Speaking at the company’s Global Investment Outlook briefing on Thursday, experts cited improved liquidity and a growing appetite among overseas investors for new offerings as reasons for optimism.
It is not only Chinese mainland firms seeking to go public in Hong Kong, but also European and Southeast Asian companies, drawn by the city’s access to both international and mainland investors, they said.

“The IPO story, the liquidity story, is something to remain,” said Florian Neto, Amundi’s head of investment for Asia. “We have had a relatively neutral position on Hong Kong over the recent months, (but) we are building our exposure and very much looking into the IPO pipeline.”
Neto’s remarks come as Hong Kong’s new-listing market experiences vibrant growth.
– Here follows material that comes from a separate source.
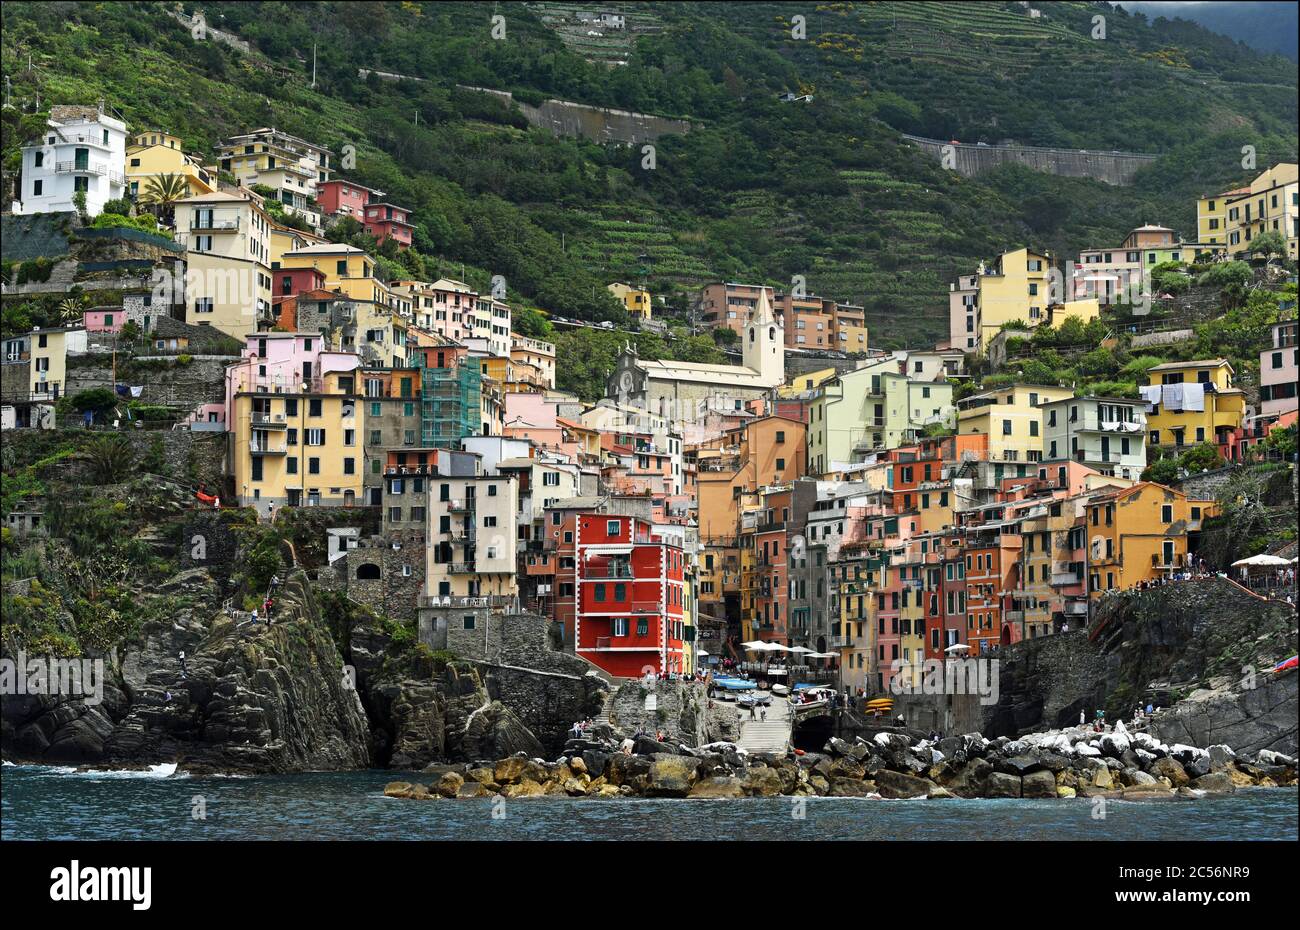 Europe, Italy, Liguria, Cinque Terre, Riomaggiore, colorful houses Stock Photo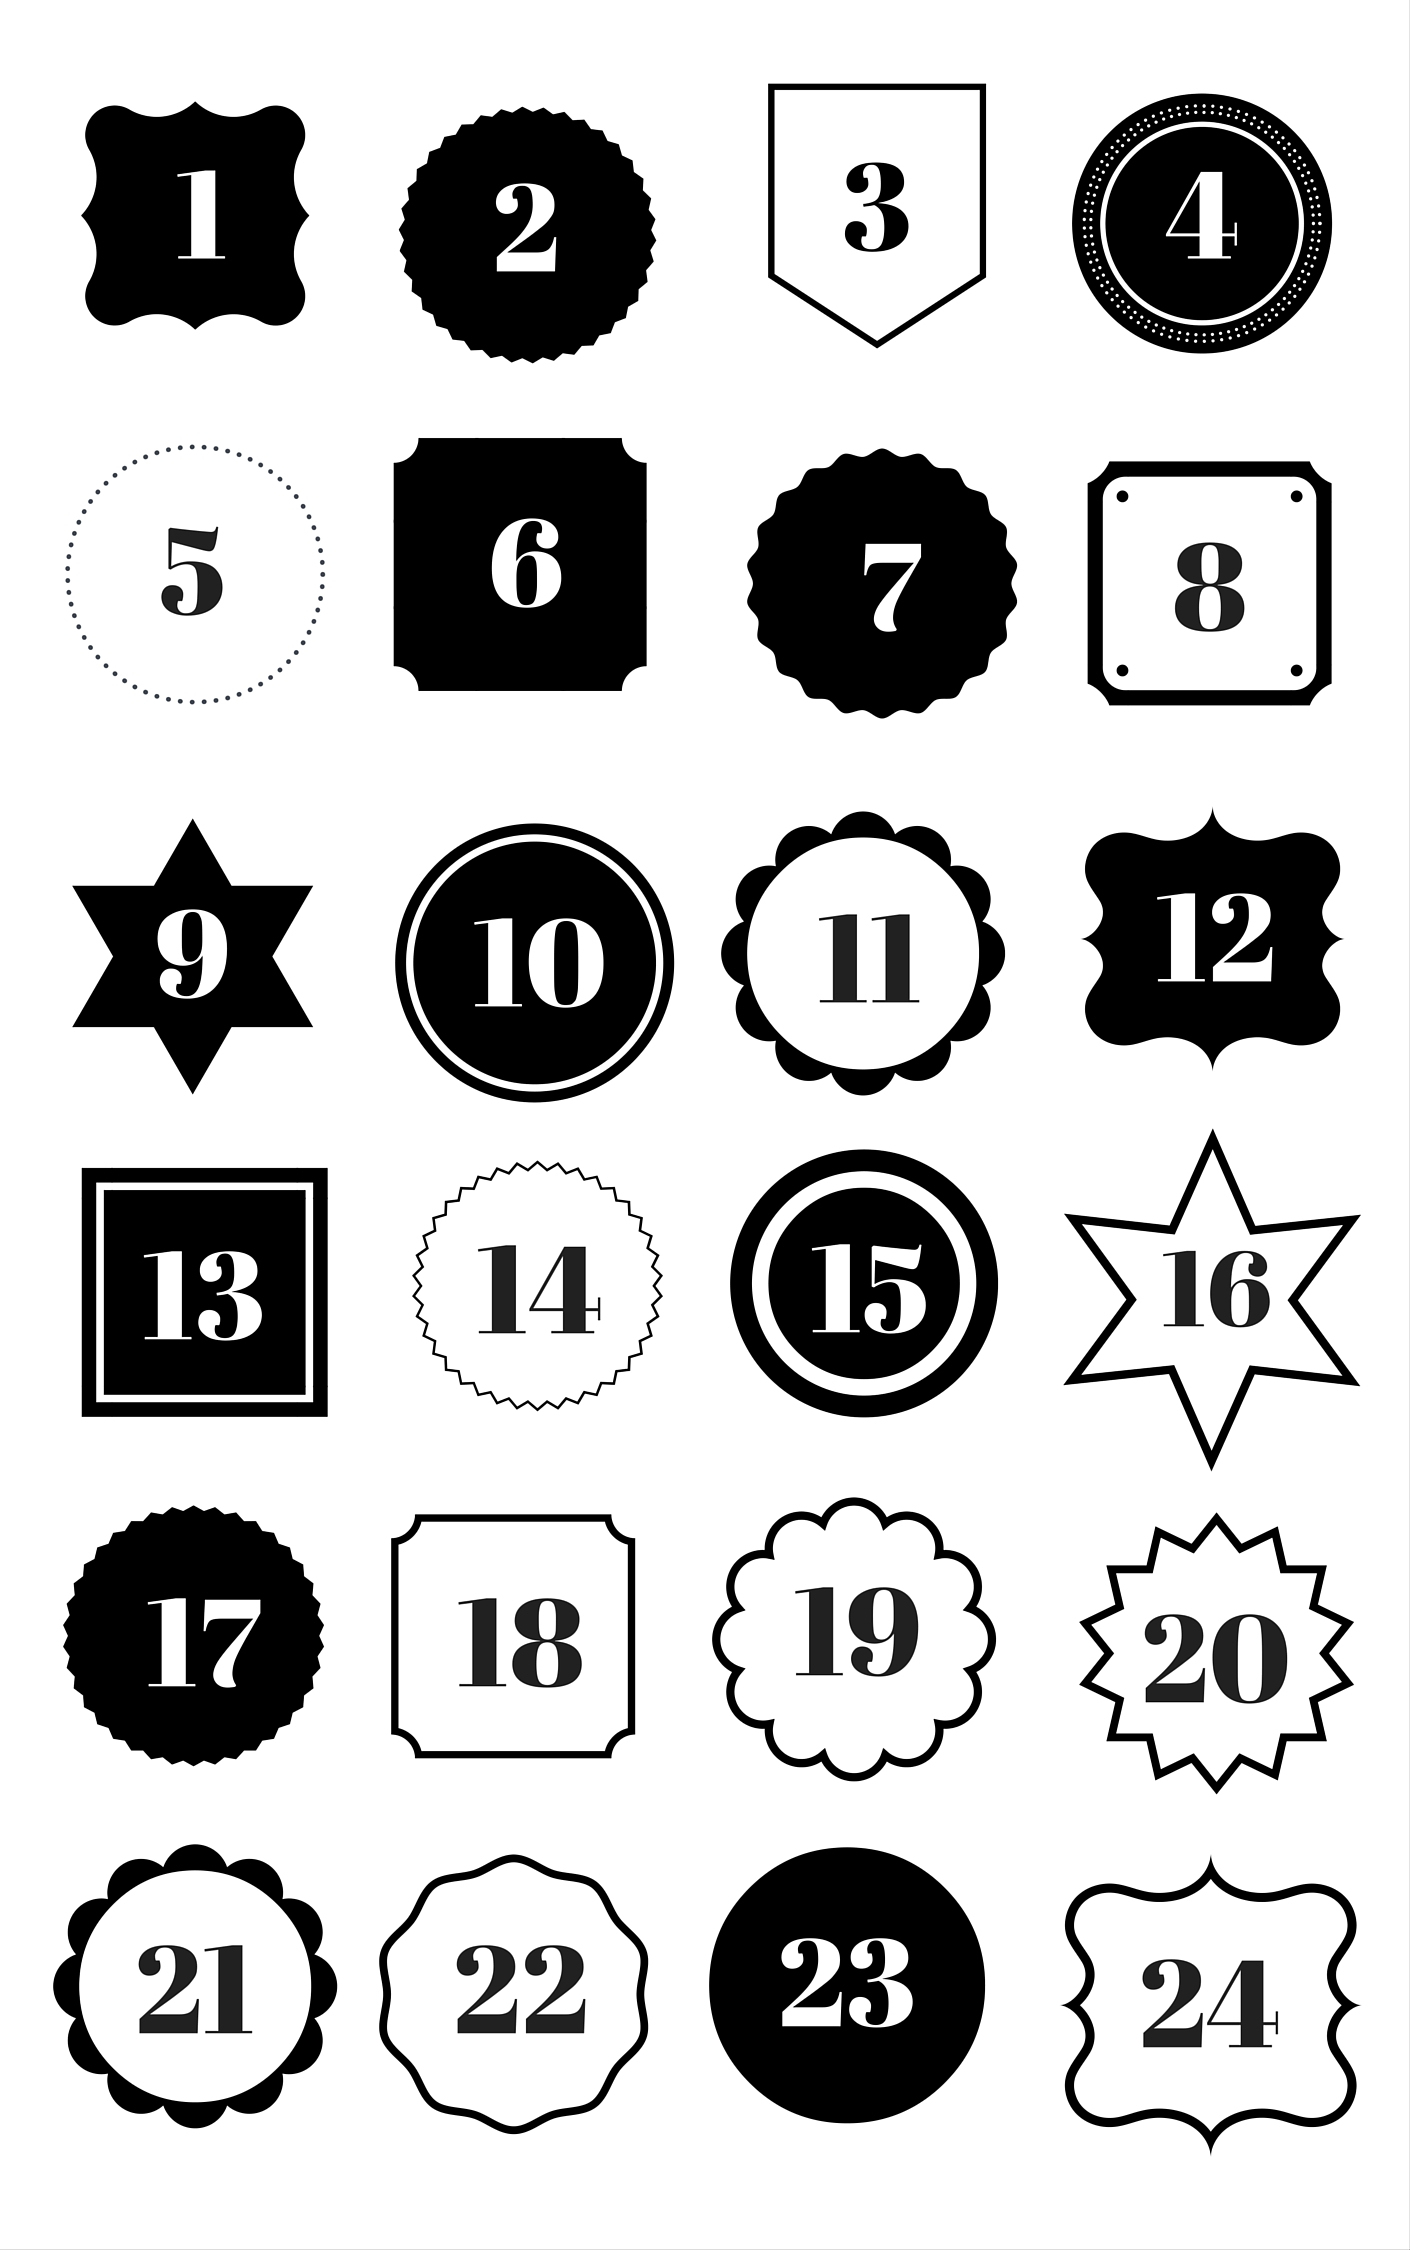 Adventskalender Zahlen Zum Ausdrucken verwandt mit Adventskalender Drucken

In the first 10 months of this year, 81 companies went public on the Hong Kong stock exchange, raising nearly HK$216 billion ($27.74 billion). This is the highest total globally and almost three times that of the same period last year.
Despite the strong pipeline and what he called “positive developments on the real-estate side”, Neto said that the consumer spending remains uncertain for the Hong Kong economy in 2026. “Consumption is a bit lagging for now,” he said. “As soon as we see this consumer trend accelerating, Hong Kong will clearly become an overweight position in our portfolio.”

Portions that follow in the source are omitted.